Ozro Yakey and John I. Davis, for appellant.
Harry H. Peterson, Attorney General, Roy C. Frank, Deputy Attorney General, and Sam G. Gandrud, County Attorney, for the State.
This is an appeal from a judgment of conviction in a prosecution for petit larceny.
Defendant is charged with stealing a sweep rake or "haybucker" from one Anderson. The defendant is a young man who lived with his father on his father's farm in Swift county. Anderson, the complainant, lived not far distant in Meeker county. July 18, 1935, Anderson and his son were using the haybucker and at the close of the working day left it in the field. When Anderson returned to the field the next morning the implement was gone. Sometime between July 15 and 19 a small gasolene engine was stolen from one Doyle, a farmer living near Anderson. September 5, 1935, Doyle, Anderson, the sheriff of Meeker county, and a deputy sheriff of Swift county drove to the farm of defendant's father and there found both the gasolene engine and the haybucker. Defendant was questioned about the articles and claimed title to both. He claimed to have purchased the haybucker from a traveling junk dealer and the gas engine from a man in St. Cloud. Defendant claimed not to know the vendors and at the time of the trial had been unsuccessful in locating either. The St. Cloud man, defendant claims, had several gasolene engines at a certain location in St. Cloud, and defendant selected the engine belonging to Doyle from the lot and bought it. At the time of his interview with the complainant, Doyle, and the sheriffs, defendant denied having taken receipts for payment of the articles, but at the trial he produced receipts. He was convicted by a jury in justice court and upon appeal to the district court was again convicted.

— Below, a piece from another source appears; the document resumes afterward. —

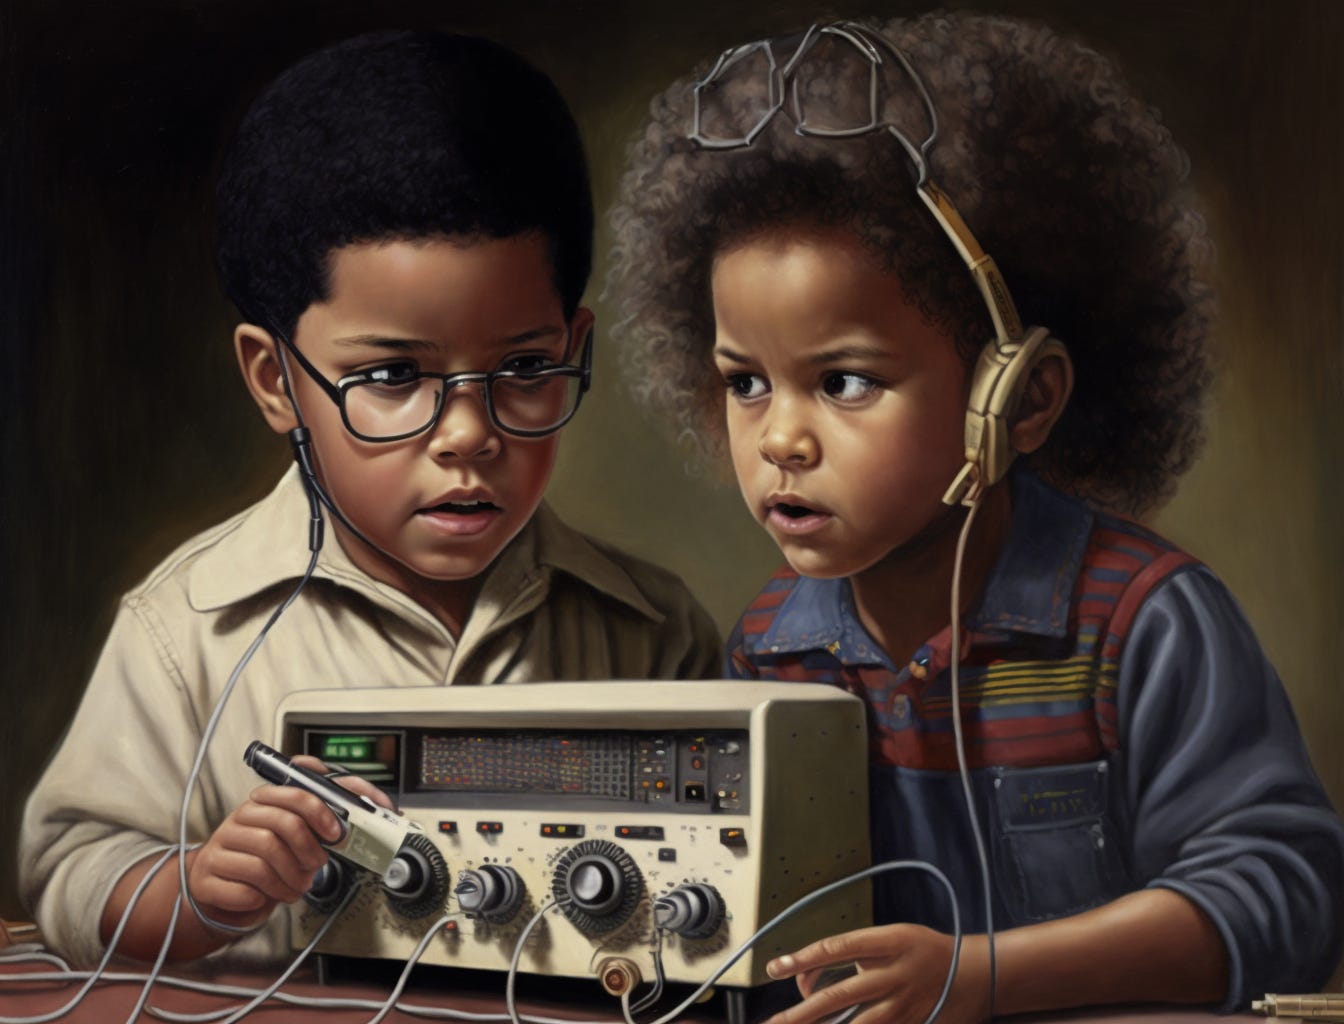 two children learn amateur radio together

The principal contention of defendant on this appeal is that the court's charge was erroneous. No exceptions were taken to the charge, and there was no request for further instructions. There was no motion for a new trial. Under those circumstances the alleged error in the instructions cannot be assigned as error in this court. State v. Jatal, 152 Minn. 262, 266, 188 N.W. 284.
The evidence amply supports the verdict. A careful examination of the record leads us to the conclusion that the state's case was stronger at the close of defendant's own testimony than it was when the state rested. Defendant's explanation of the stolen articles, the fact that he claimed to have purchased each from a stranger in widely separated districts, the strange coincidence that he selected, out of several gasolene engines held for sale by a stranger 75 miles from his home, the particular engine stolen from his own neighborhood, and the unsatisfactory and unsubstantiated story of his purchase of the haybucker were, taken all together, sufficient to sustain the verdict.
Affirmed.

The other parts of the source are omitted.